Товстоногов — страница 58 из 91

– “И враги человеку – домашние его. Сын позорит отца, дочь восстает против матери, невестка – против свекрови своей…” Скажи мне, Лев, что это значит?

– Так сразу не могу… Дай до следующего раза подумать.

Не знаю, найдет ли он объяснение. По-моему, лучшего объяснения, чем наша с ним жизнь, нет».

Бог призвал Олега Ивановича в Чистый четверг, а похороны пришлись на Пасху.

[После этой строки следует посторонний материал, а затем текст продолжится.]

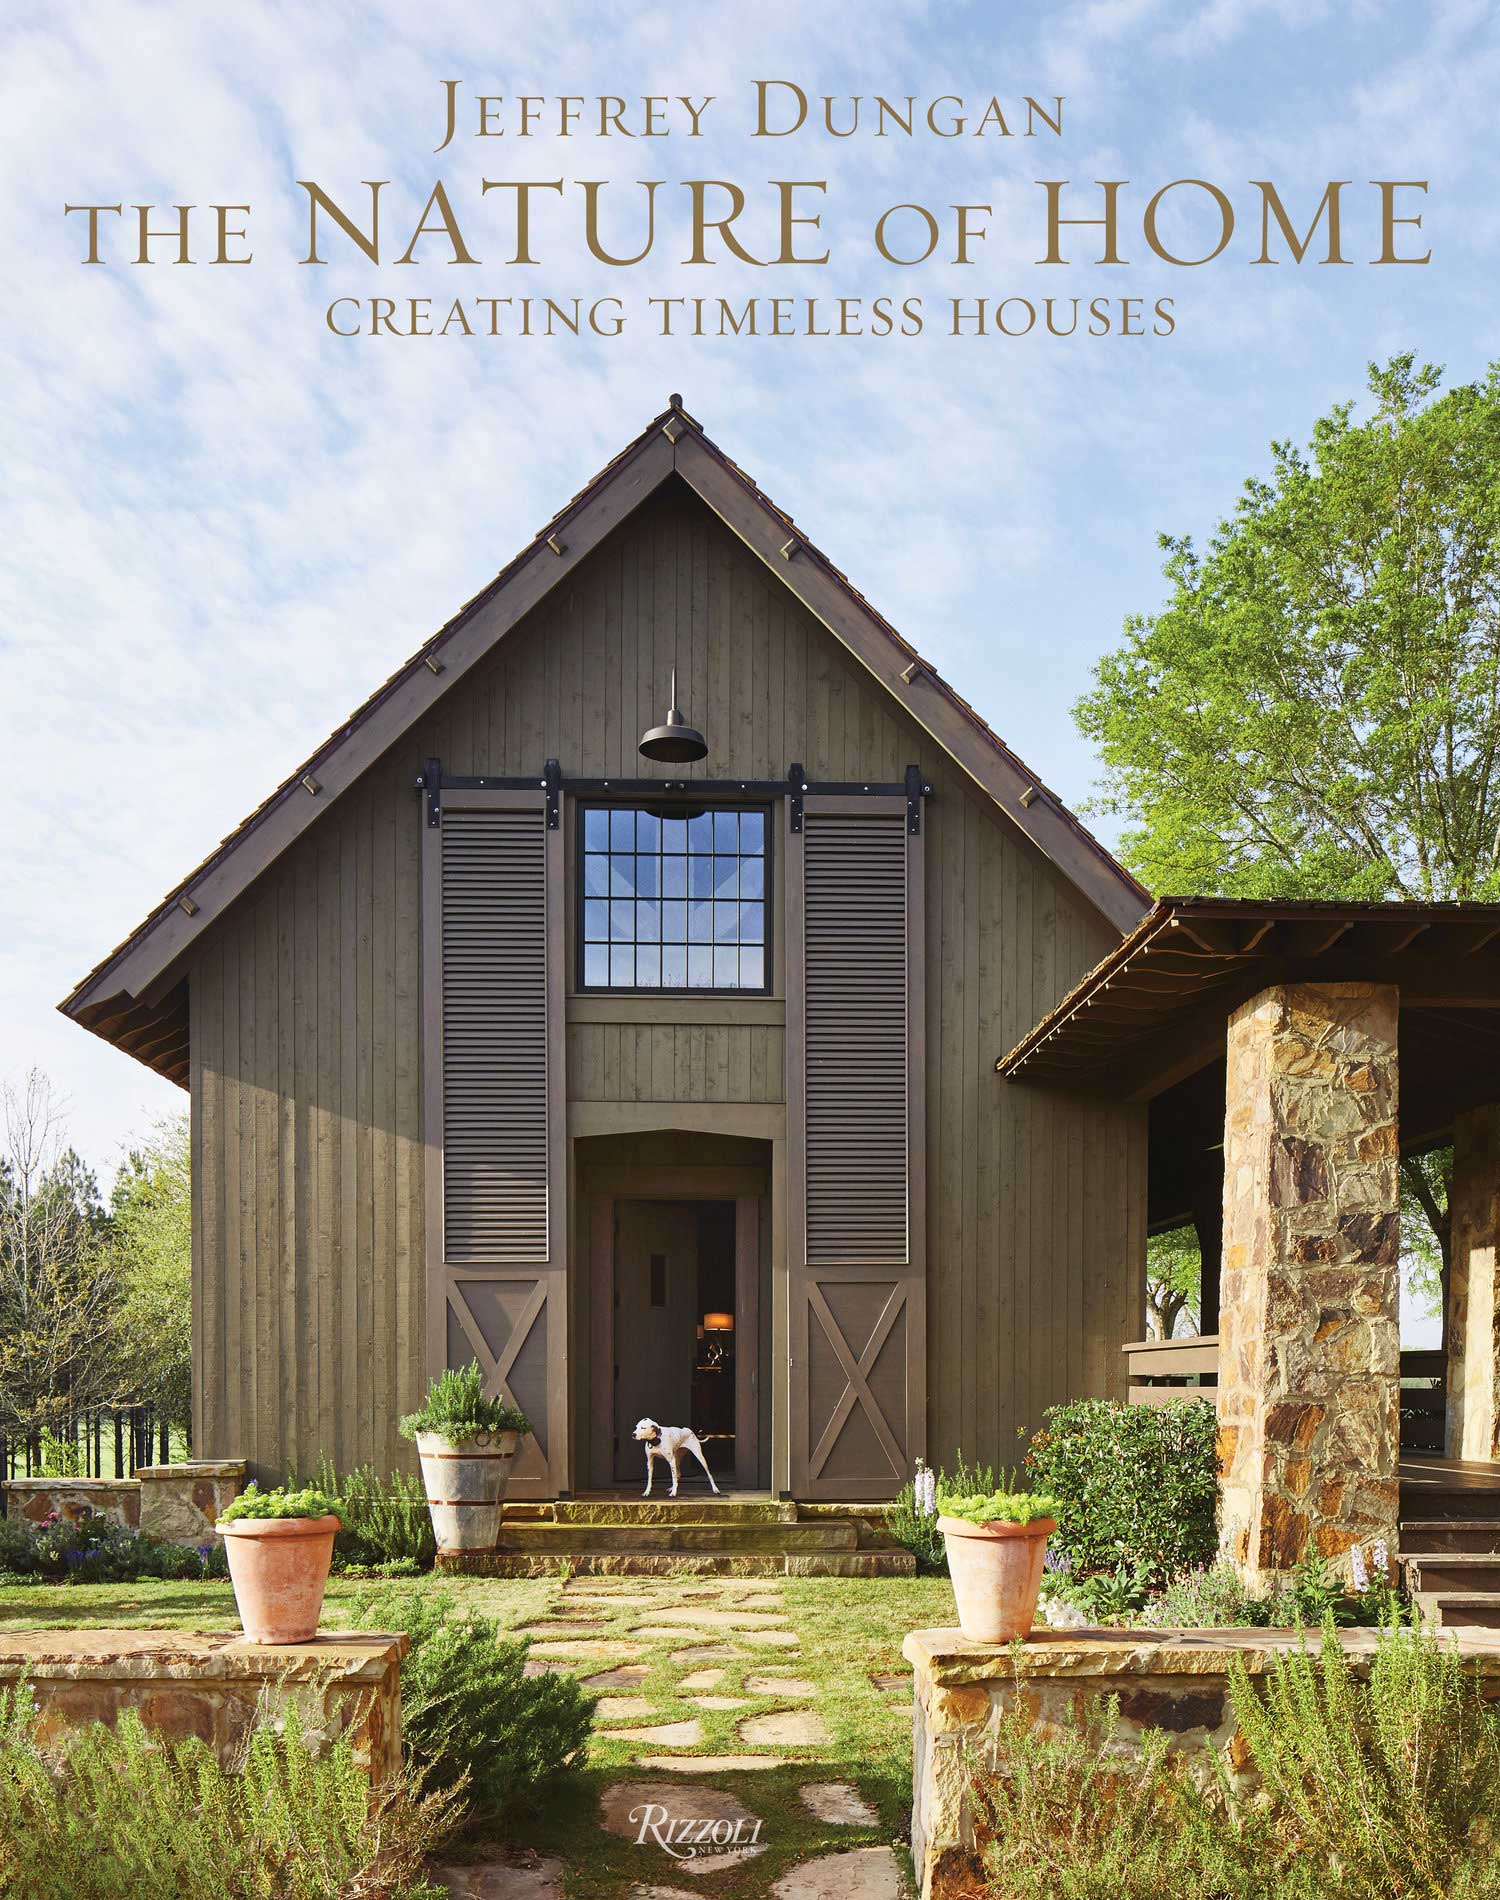 The Nature of Home book cover

«Обычно в Пасху не хоронят, – отмечал Юрий Олегович. – Но так решил его священник, который крестил и венчал папу с мамой, – отец поздно крестился, и они решили с мамой венчаться за несколько лет до смерти. Это было не отпевание, а какие-то колядки, праздничные песнопения – такая сюрреалистическая картинка совершенно не соответствовала ритуалу, но нам это помогло вернуться к жизни…»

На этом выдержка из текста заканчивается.